TASK PROMPT: Look through the material below. Return exactly the lines from the one with "La primera desfilada" through the one with "温泉読本のHanako×ゆこゆこが先着貰える。", both included.
*** Opening THE DATA ***
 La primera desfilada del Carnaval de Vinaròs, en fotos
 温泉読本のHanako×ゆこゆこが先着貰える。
*** Closing THE DATA ***
*** Opening THE DATA ***
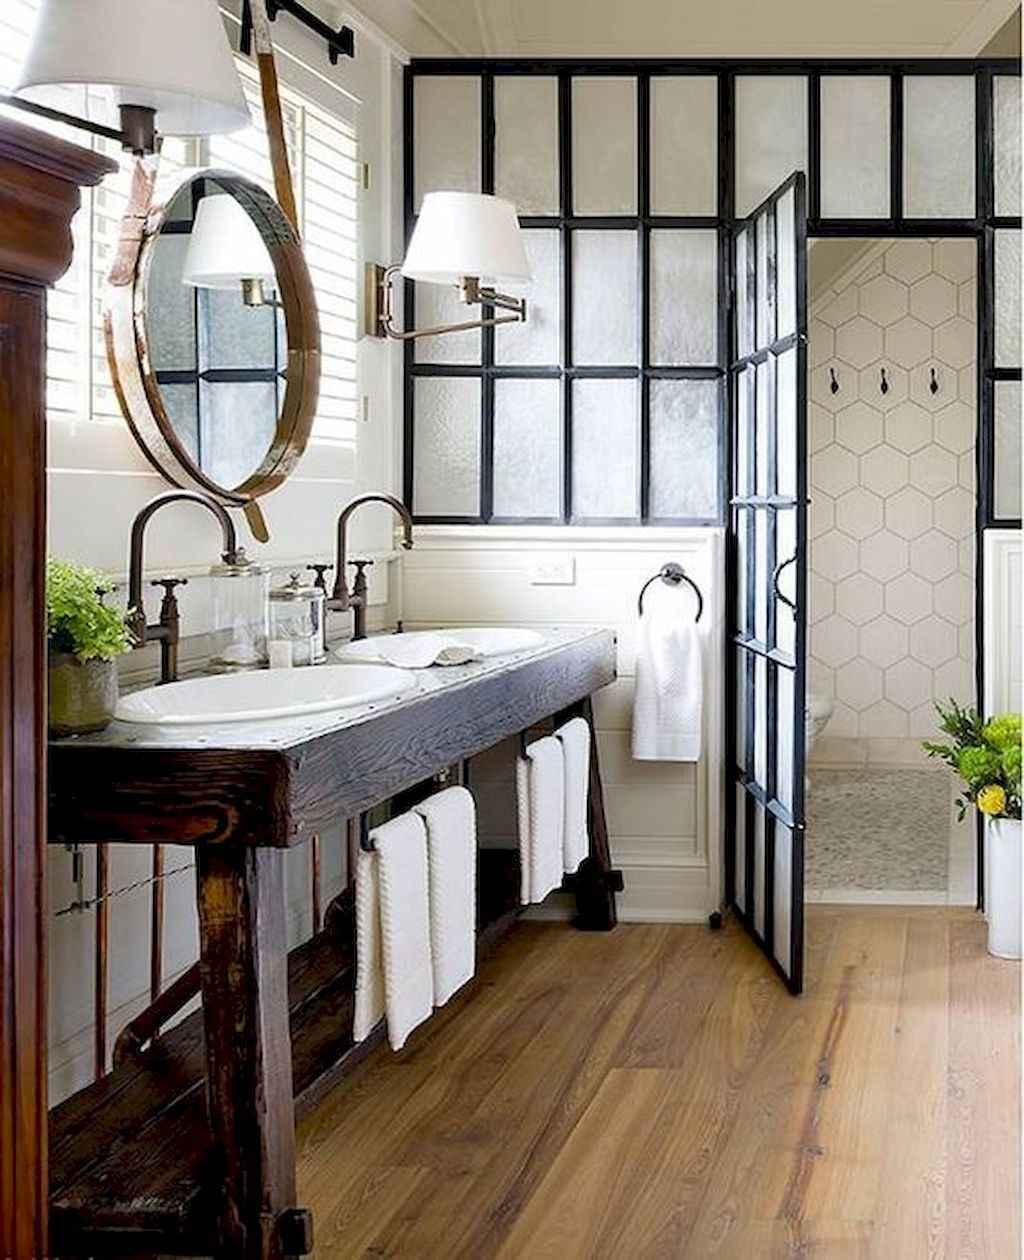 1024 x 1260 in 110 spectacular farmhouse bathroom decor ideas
*** Closing THE DATA ***
EXERCISE ANSWER:
 La primera desfilada del Carnaval de Vinaròs, en fotos
 温泉読本のHanako×ゆこゆこが先着貰える。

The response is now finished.